◆ Data listing:
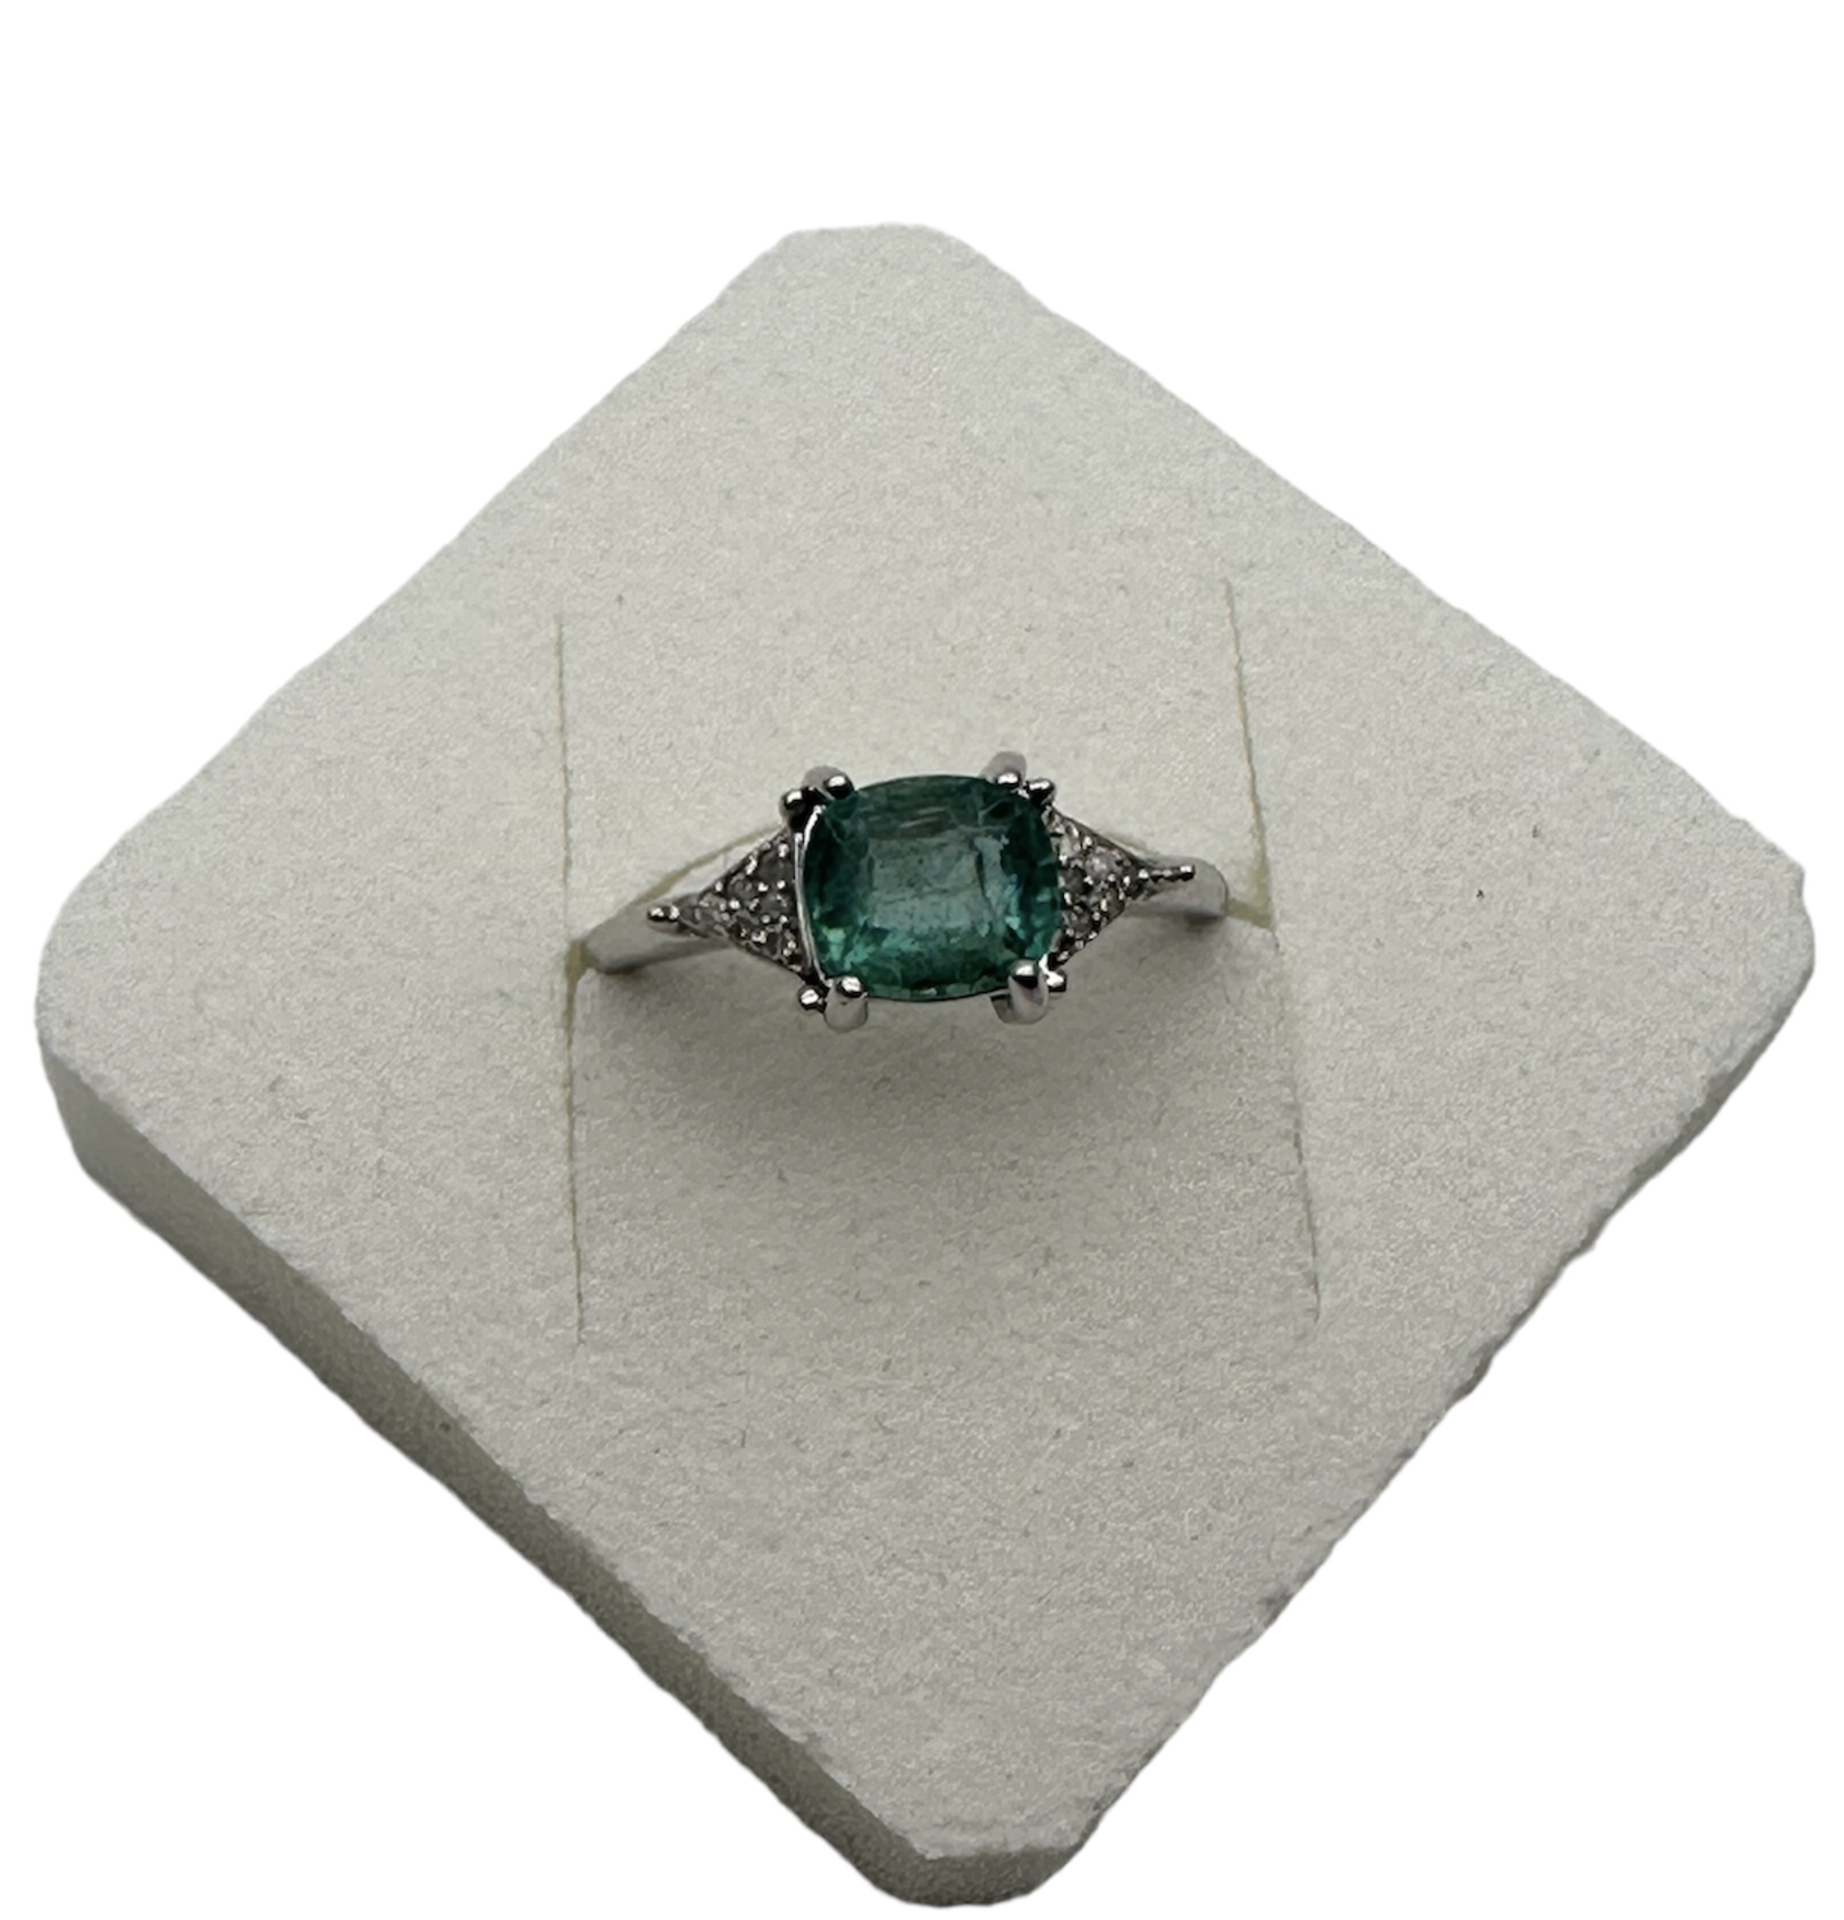 **NO RESERVE** 9K WHITE GOLD DIAMOND AND FLUORITE RING, RING SIZE- N, CENTER STONE 0.90 CARET FLUOR - Image 2 of 2
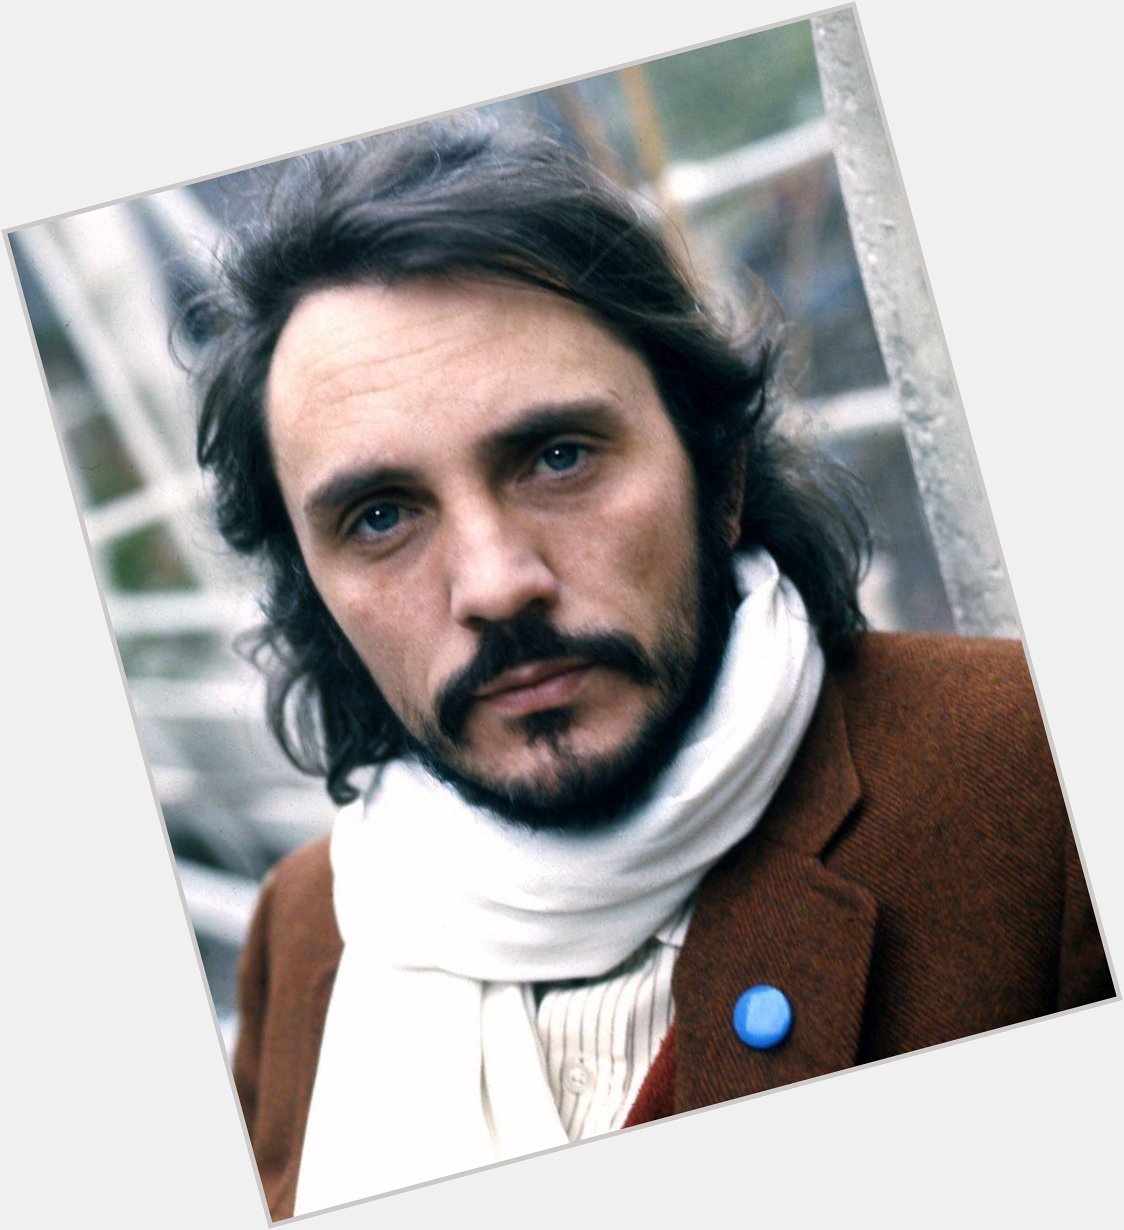 Happy Birthday to Terence Stamp who turns 81 today! 
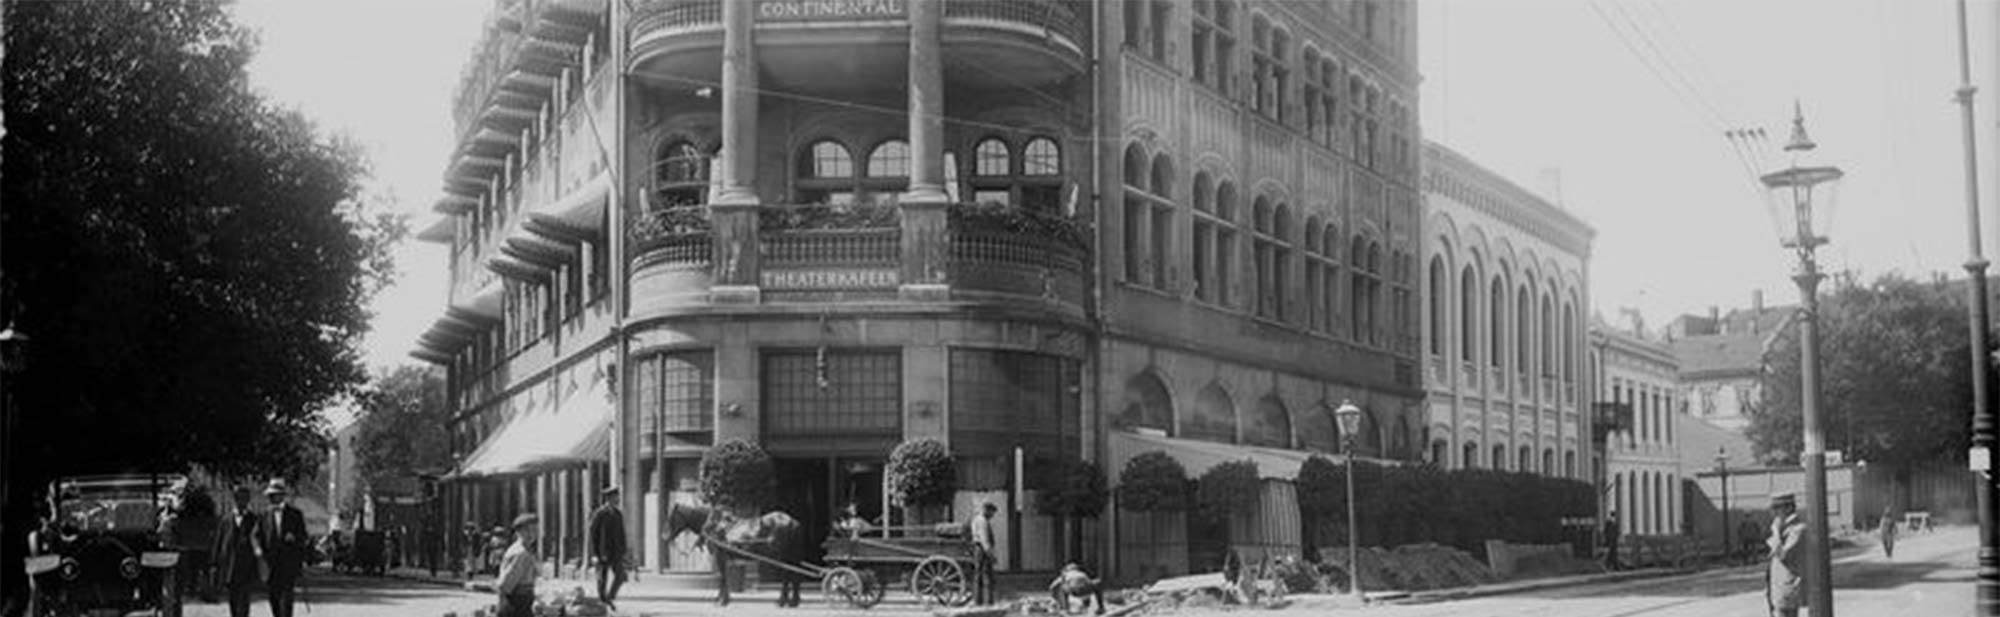 History of Hotel Continental
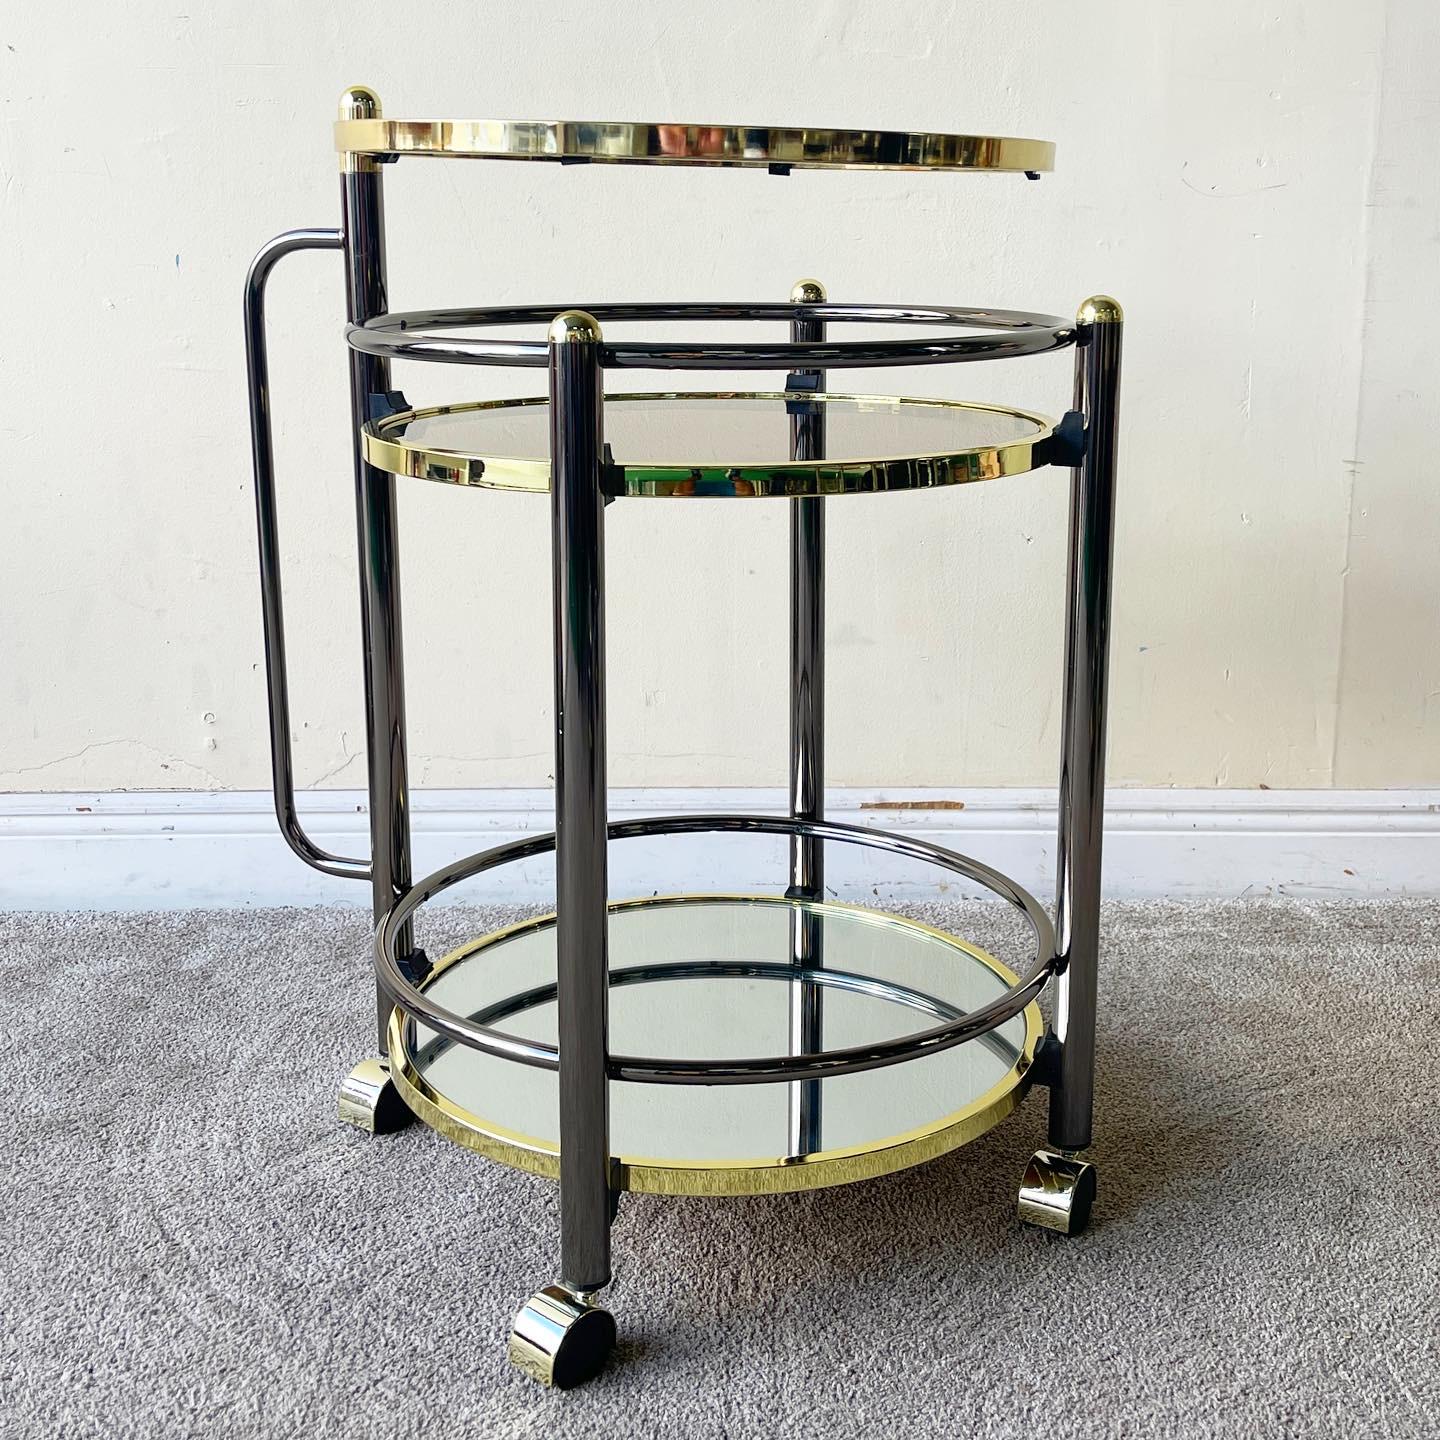 Incredible regency style bar/beverage cart. Top table swivels 360 degrees. Top two tiers feature a smoked glass with a mirrored bottom tier.

Additional Information:
Material: Glass, Metal
Color: Charcoal, Gold
Style: Hollywood Regency,

◆ Activity: Copy out every entry above, character for character, excluding pictures.

◆ Final answer:
 **NO RESERVE** 9K WHITE GOLD DIAMOND AND FLUORITE RING, RING SIZE- N, CENTER STONE 0.90 CARET FLUOR - Image 2 of 2
 Happy Birthday to Terence Stamp who turns 81 today! 
 History of Hotel Continental
 Incredible regency style bar/beverage cart. Top table swivels 360 degrees. Top two tiers feature a smoked glass with a mirrored bottom tier.

Additional Information:
Material: Glass, Metal
Color: Charcoal, Gold
Style: Hollywood Regency,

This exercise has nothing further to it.